There is also the case of ratios. An organization probably needs more developers in specific areas than DevOps, so with dedicated DevOps you could concentrate similar work from across several teams to a dedicated DevOps team that knows that work very well.

I've already written a response to this elsewhere in the thread, but developers are not all equal.

You can't hire twenty developers that all have the same skill/inclinations, the same interests, the same experience.

That's not to say that a DevOps Engineer is some super 10x rockstar developer - no, they're going to have the same variations on skill, interests, experience, etc.

It depends on your environment, but there's so much different tech once you count the entire stack, that I don't think it's reasonable to expect any one person to be an expert on all of it, or even a lot of it.

Sure, but "not all developers can be devops engineers" doesn't necessarily imply "none of your developers should have server access".
>What if you encounter an nginx bug, or a kernel bug?

That is the responsibility of system administrators. Application developers have no business on a production machine. If your sysadmins don't have the technical skills to diagnose these problems, they are incompetent and must be replaced.

> If your sysadmins don't have the technical skills to diagnose these problems, they are incompetent and must be replaced.
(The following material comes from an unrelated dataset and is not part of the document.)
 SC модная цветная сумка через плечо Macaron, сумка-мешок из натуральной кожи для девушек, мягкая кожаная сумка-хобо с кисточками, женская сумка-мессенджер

The actual result of this is that the sysadmins are not replaced, and the application developers end up in an emergency conference call at 3am to tell the sysadmins which buttons to click on the production environment, since they’re not allowed access themselves.
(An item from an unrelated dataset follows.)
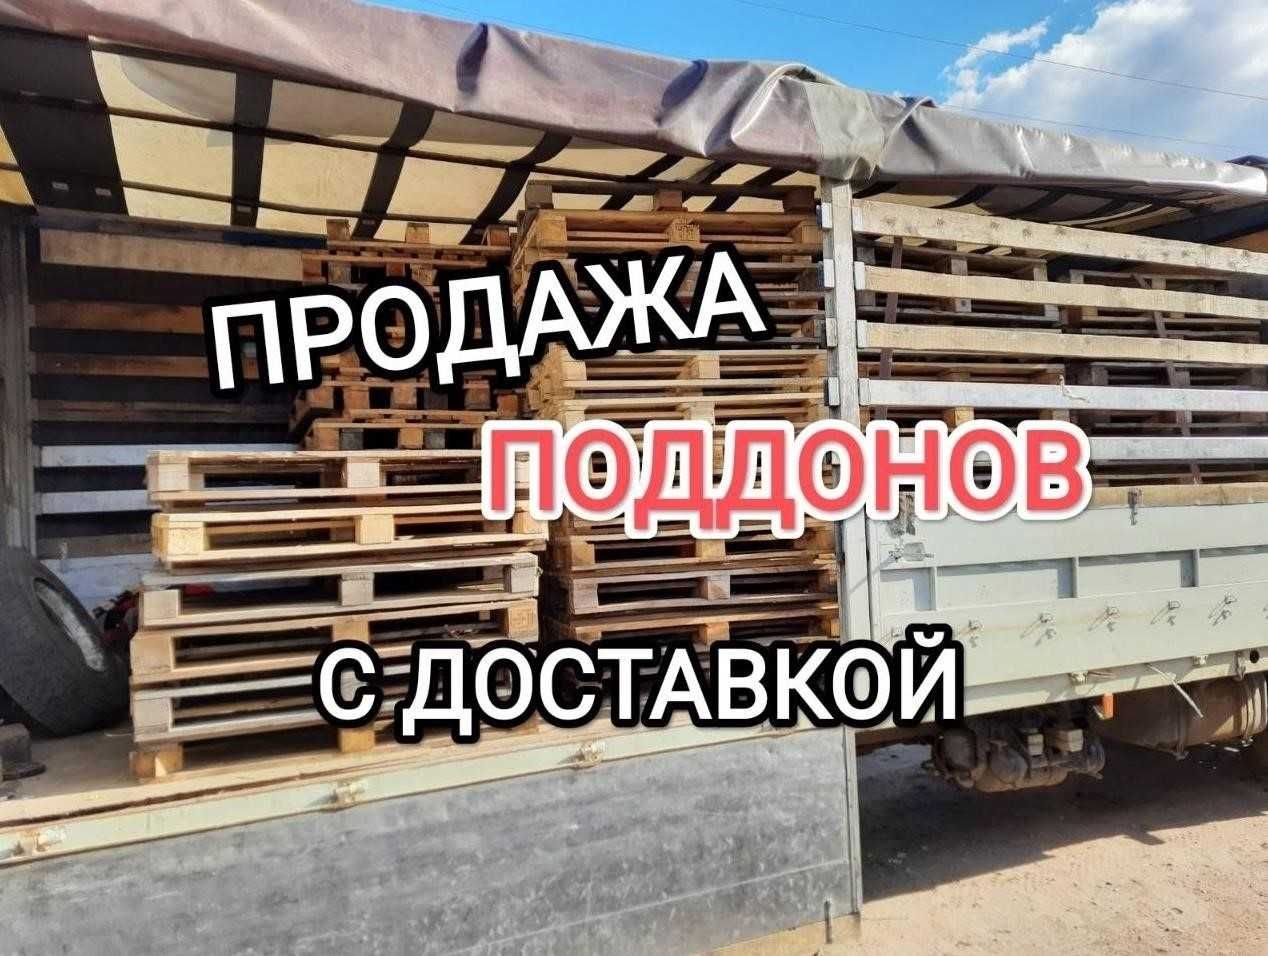 Продажа деревянных поддонов, европаллеты б/у 1200х800

I spent several years at a large multinational cloud provider that gave developers and QA access to production systems and customer PII. That all changed after the company was bought by SAP and operations were integrated. I am amazed that engineers think this is acceptable. It is bad business practice, compromises security, and illegal in some jurisdictions.
If developers aren’t exposed to the deficiencies in their systems, they have no incentive to reduce SRE pages and triage. Build resilient code with quality documentation and you don’t have to attend a 3am conf call.

DevOps is not a role or role segregation, it’s about aligning incentives and outcomes across functions in an org (hopefully through collaboration, tooling, and knowledge transfer).

The caveat is that if your org is fundamentally broken, none of the above applies or works and it’s all lipstick on a pig.